Polycyclic aromatic hydrocarbons (PAHs) are a large class of chemical compounds and are ubiquitous air pollutants generated from combustion sources [1] . Inhalatory and dermal exposures to PAHs occur among workers in the occupational setting and also among the general population resulting from environmental exposure to tobacco smoke, air pollution, and dietary sources contaminated with PAHs. Some PAHs are human mutagens and carcinogens [1] , as well as potentially reproductive and developmental toxicants [2] .

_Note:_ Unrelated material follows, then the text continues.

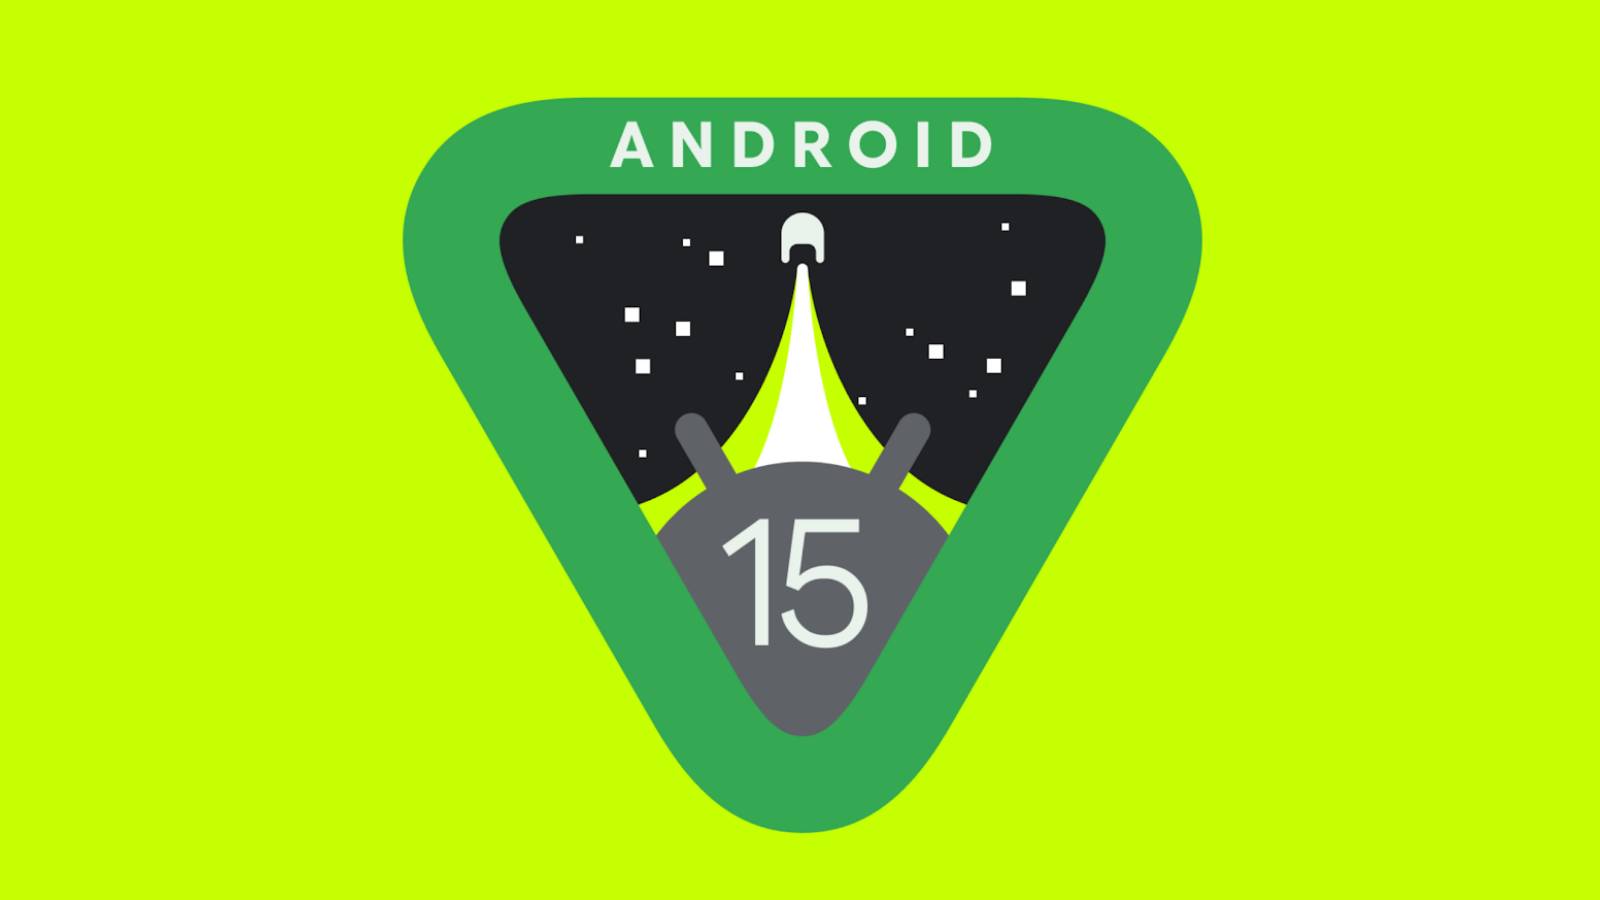 Android 15 miał funkcję Google AWESOME przejętą przez iPhone'a iOS

As a result of the rapid industrial globalization in China, the annual PAH emission in China was ~114,000 tons in 2004, accounting for 29% of the global total [3] . The air concentrations of PAHs reported in monitoring studies are reported to be higher in China compared to other developed countries [4] , due in large part to rapid industrialization resulting in increased exposure to car exhaust emissions, coke production, and natural gas combustion [5] . Air monitoring studies have also indicated geographic differences in PAH concentrations within various regions in China, with some studies reporting higher PAH levels in northern compared to southern regions of the country [4] . However, there is limited data on serum levels of PAHs in the Chinese population, which would provide important insight into the internal dose of PAHs in this population and would also take into account different routes of PAH exposure.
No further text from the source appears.